| Task to carry out |
Set the whole listing down again, word for word, with no pictures.

| Given information |
□ □ □ □ □

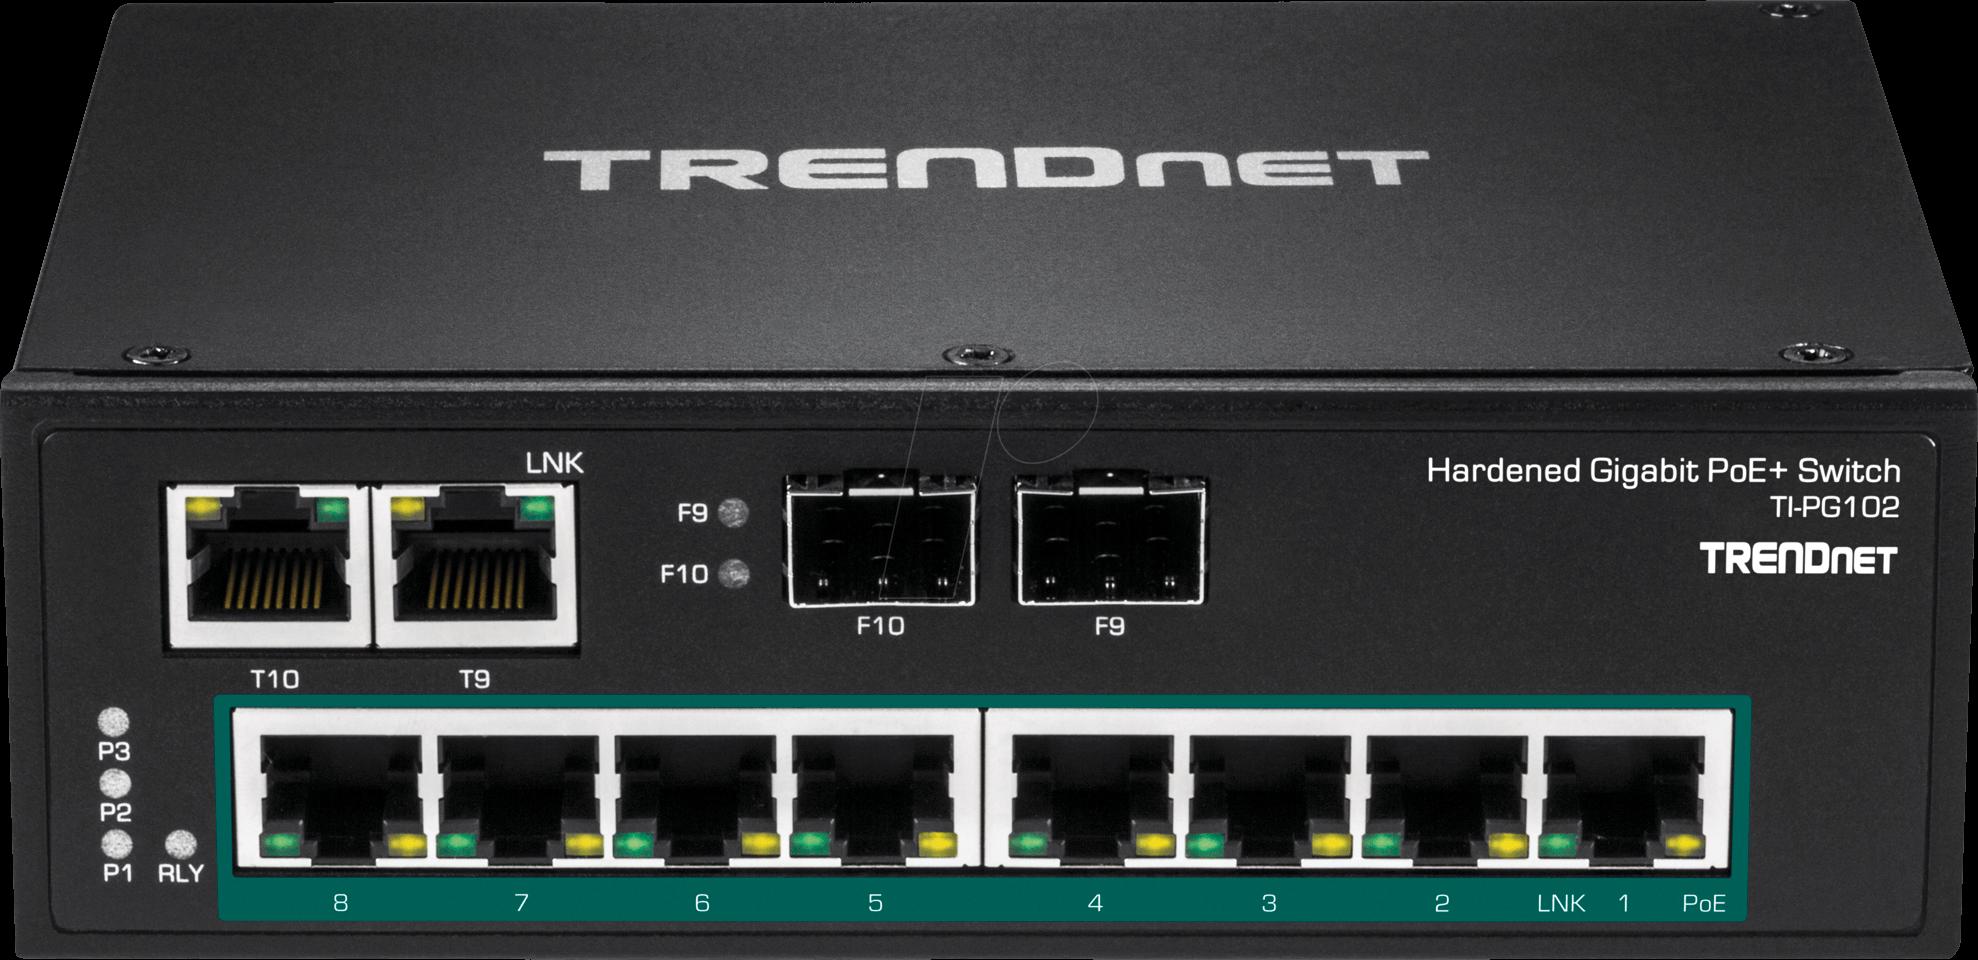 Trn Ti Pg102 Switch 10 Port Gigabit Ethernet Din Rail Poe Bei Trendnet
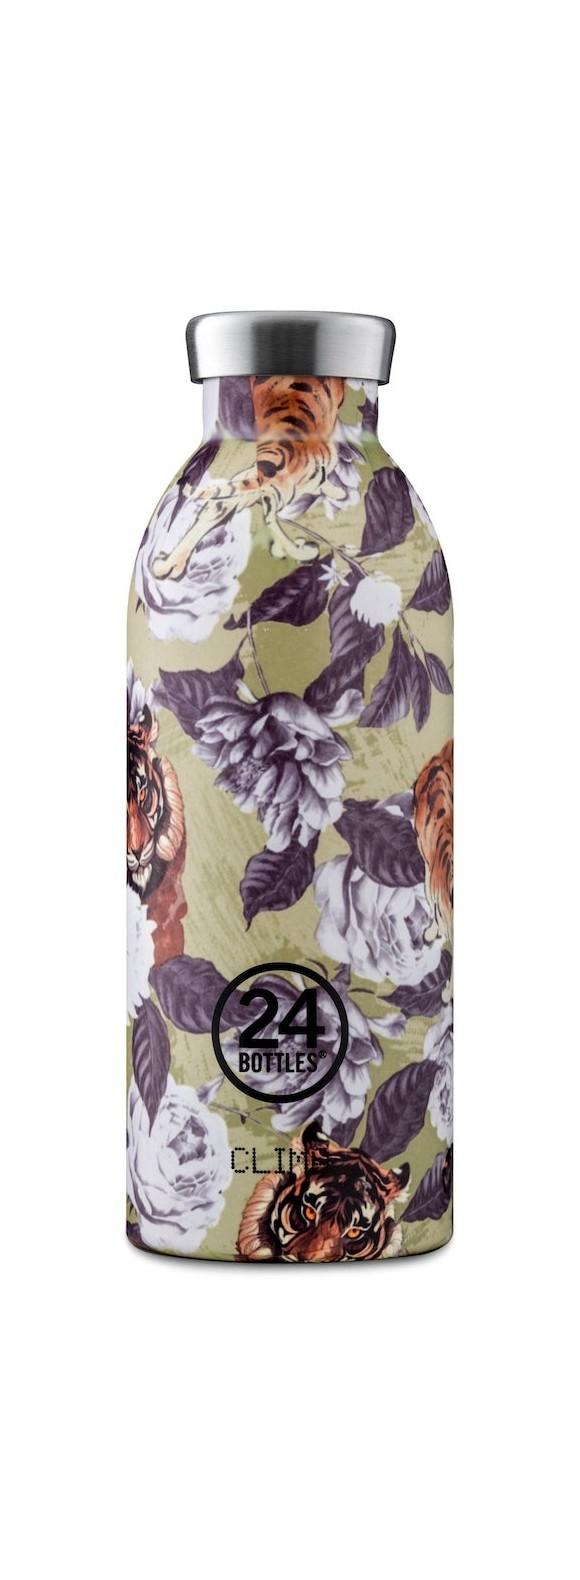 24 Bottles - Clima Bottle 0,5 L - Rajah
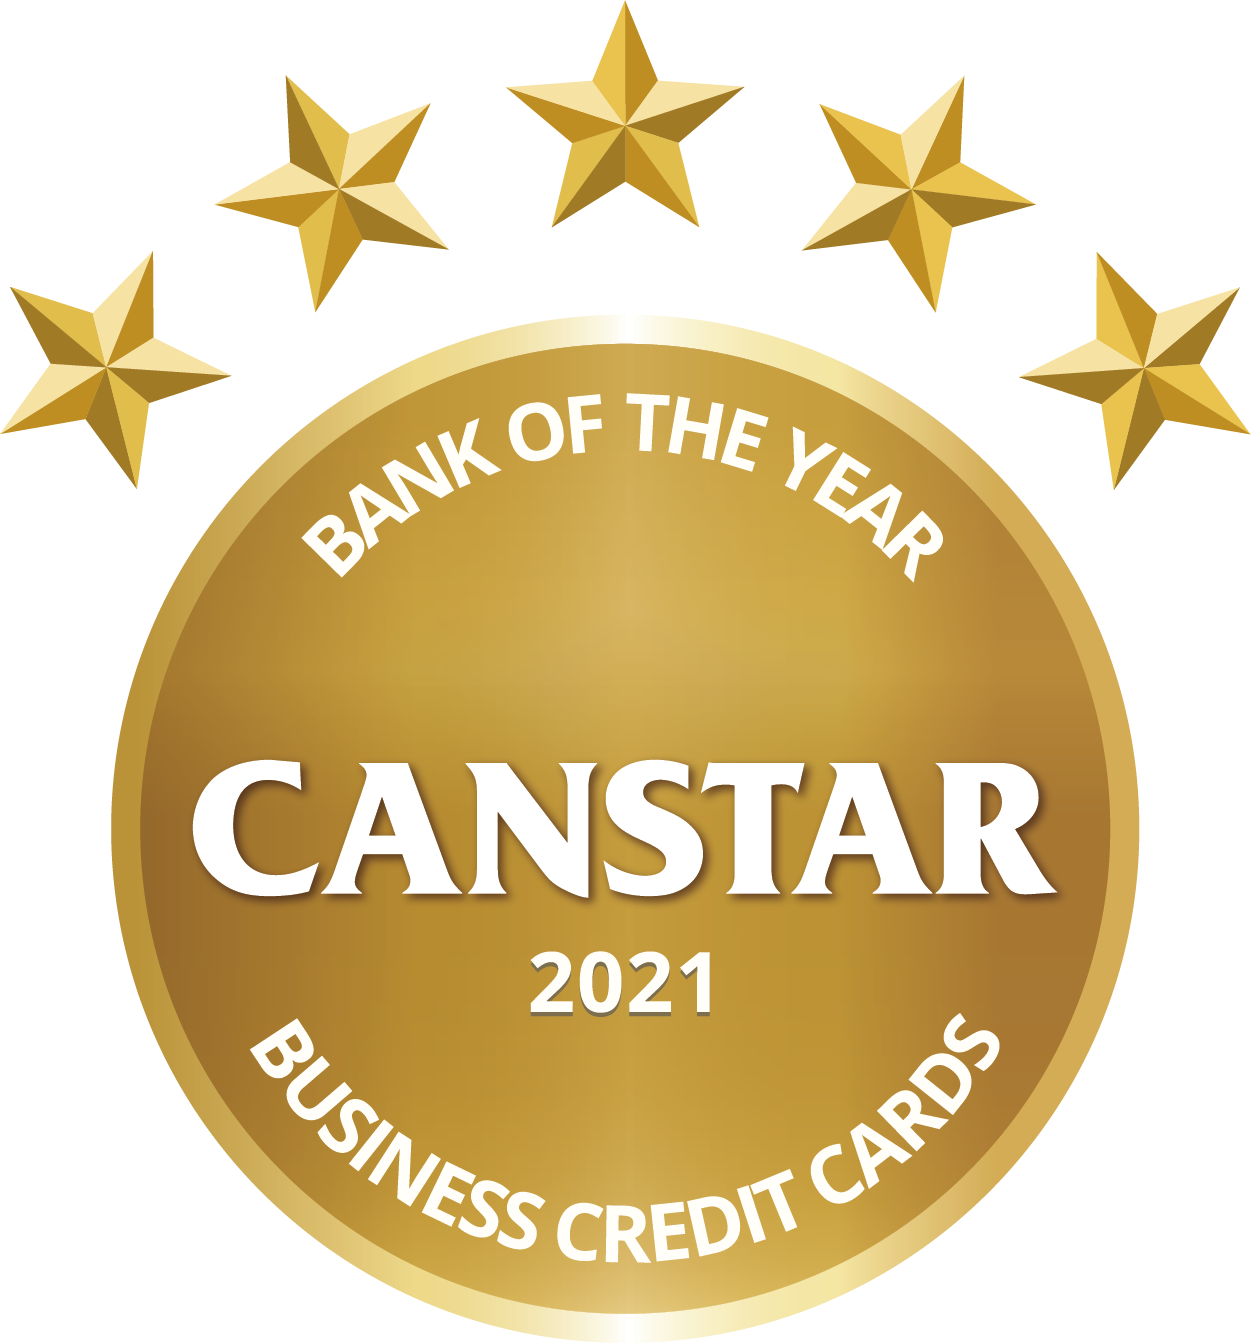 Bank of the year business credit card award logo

□ □ □ □ □

| Answer space |
 Trn Ti Pg102 Switch 10 Port Gigabit Ethernet Din Rail Poe Bei Trendnet
 24 Bottles - Clima Bottle 0,5 L - Rajah
 Bank of the year business credit card award logo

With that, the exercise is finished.